16. On the basis of the above, the Committee is of the view that value of  the  inventory  of  coal  in  the  coal  stockyard  should  be  written  down below costs only if (a) the net realisable value on sale of electricity is expected to be below the cost of producing the electricity, and (b) there is a decline in the price (replacement cost) of the coal. Thus, in the view of the  Committee, the  fact  that  the costs  of  MGR/coal  handling plant  are not included as part of variable charges for the purpose of tariff fixation of  electricity,  is not  of  relevance  to  determine  the cost  of  inventory of coal for the purpose of preparation  of financial statements.

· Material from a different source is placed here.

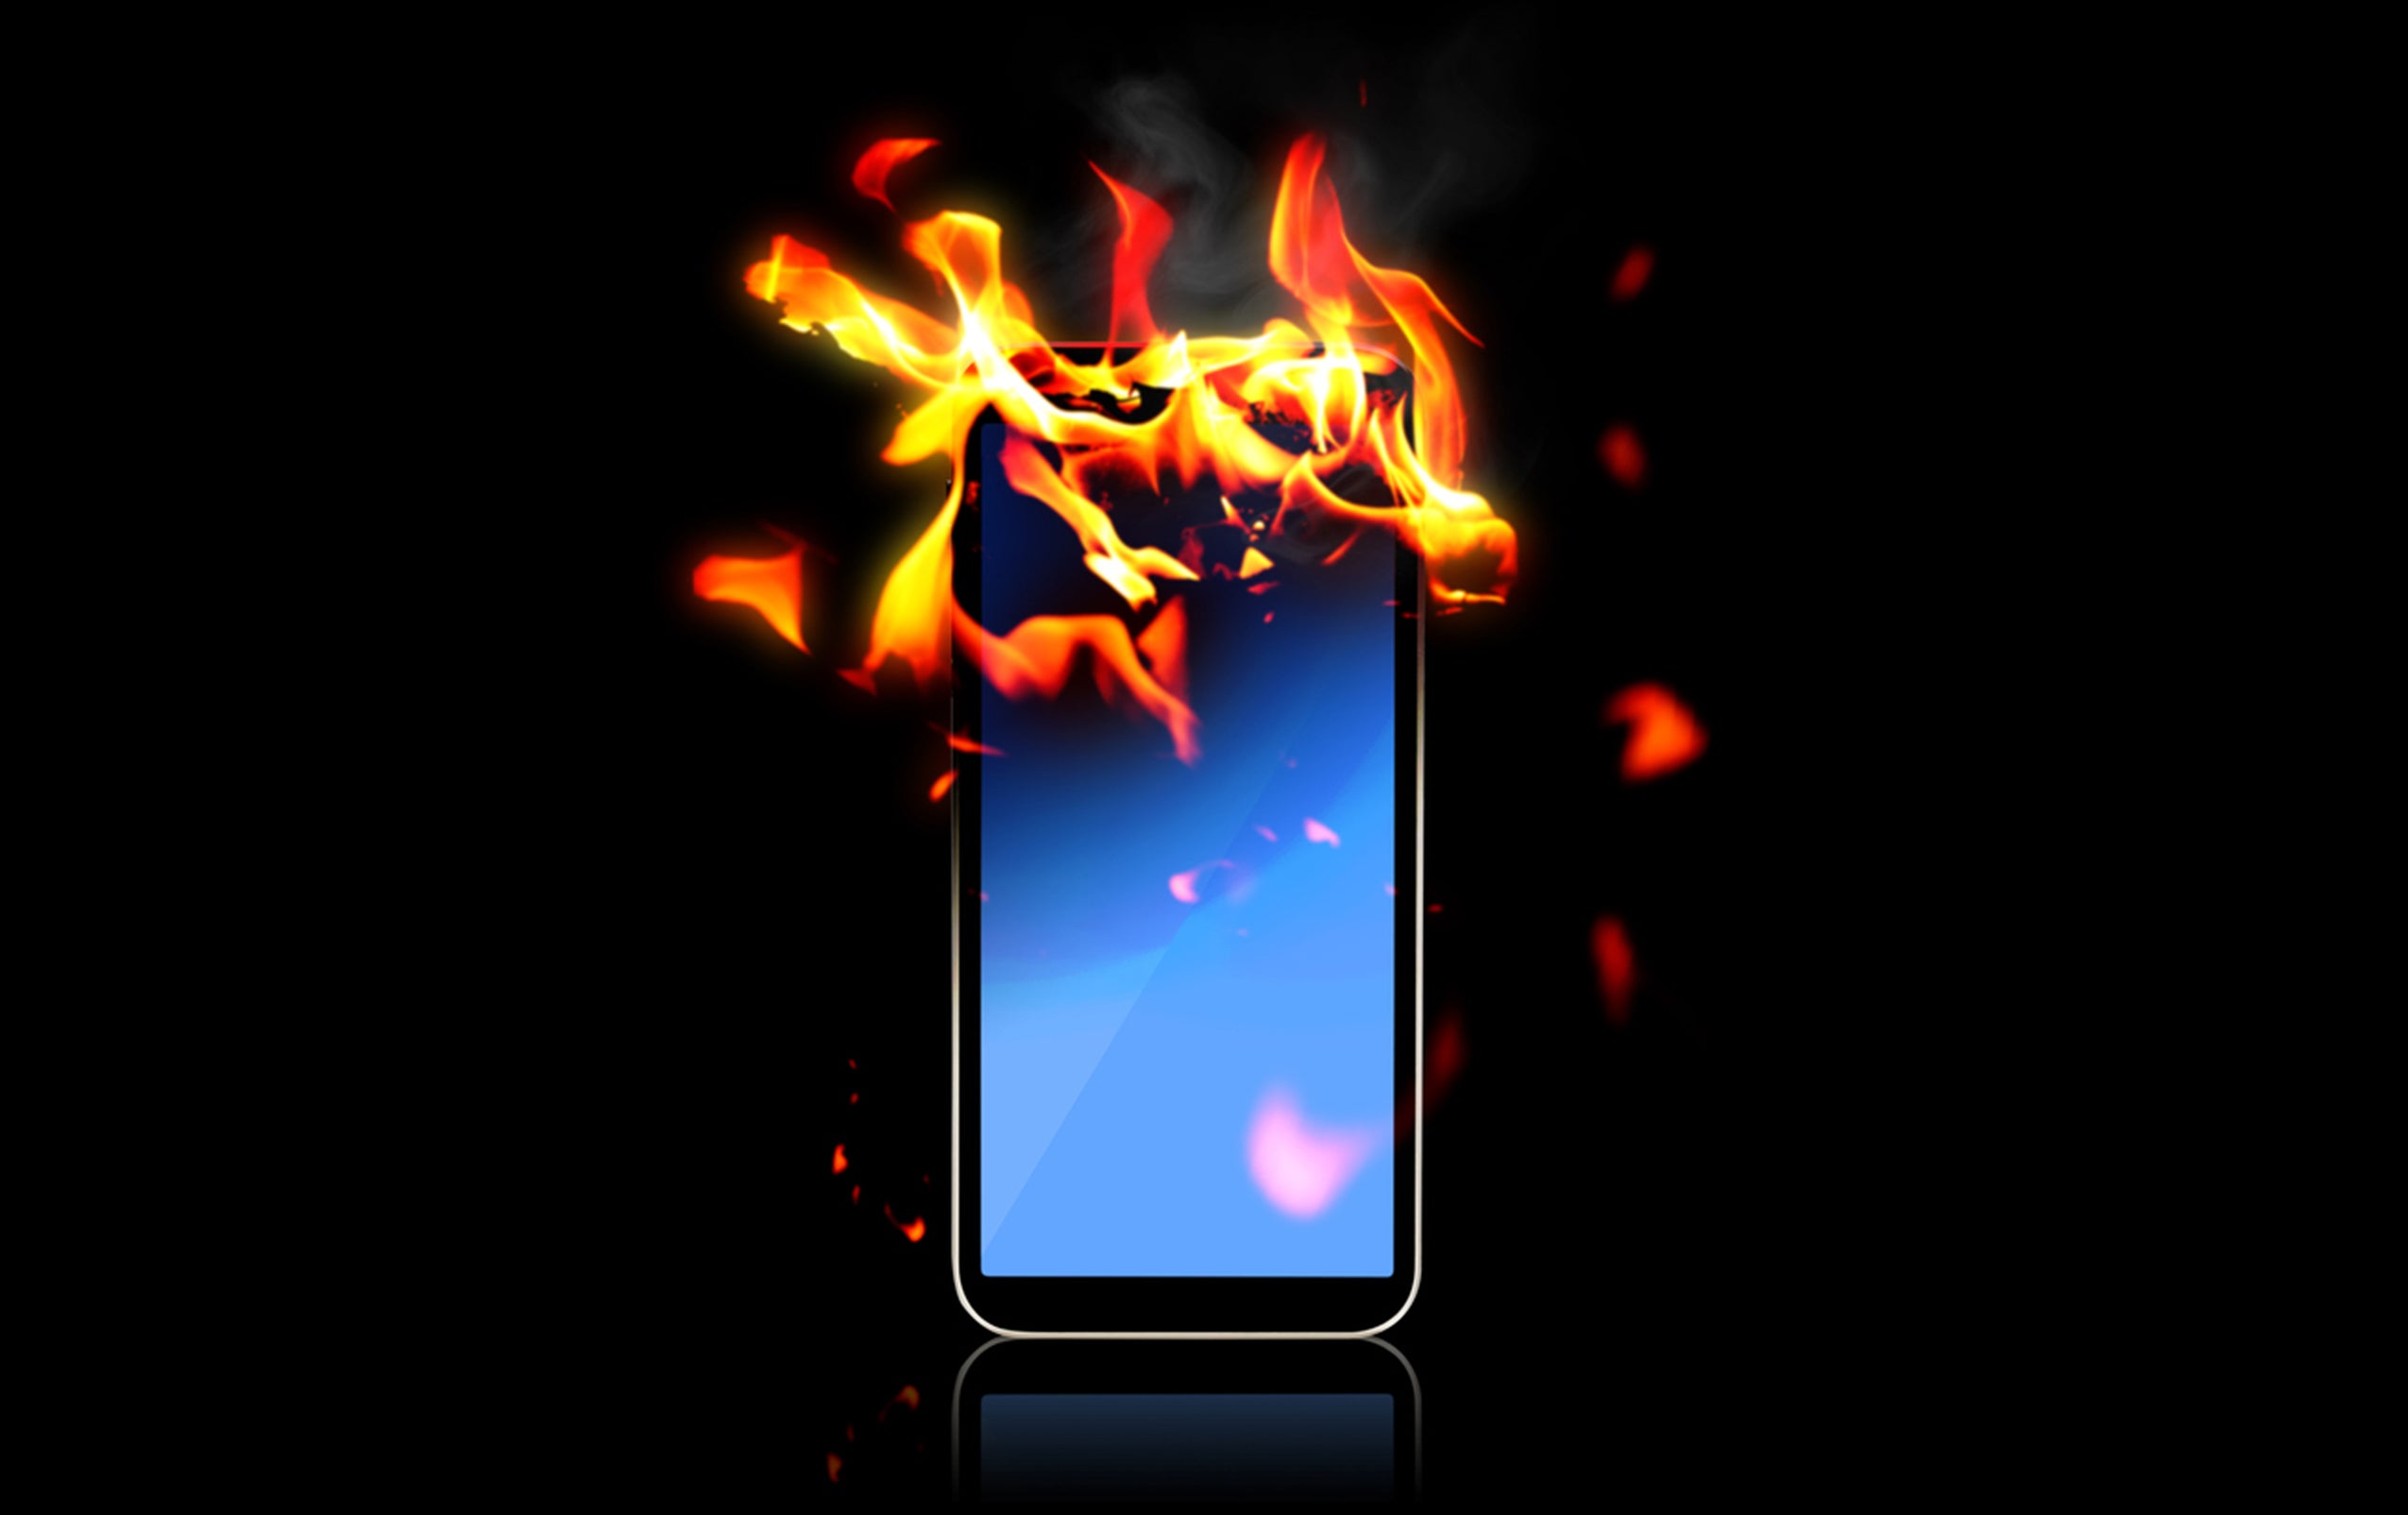 Burning smartphone

In case the net realisable value of electricity exceeds its cost of generation calculated from the  accounting  point  of  view  and  the  price  (replacement  cost)  of coal has not declined, valuing inventories of coal at the coal stockyard at cost  inclusive  of  costs  of  MGR/coal  handling  plant  would  not  be  in contravention of AS 2.

 

D. Opinion

 

17.   On the basis of the above, the Committee is of the opinion that the company  should  include  the  costs  relating  to  Merry-Go-Round  system and  coal  handling  plant  for  the  purpose  of  determining  the  cost  of inventories of coal at the coal stockyard.

 

1 Opinion finalised by the Committee on 26.5.2001.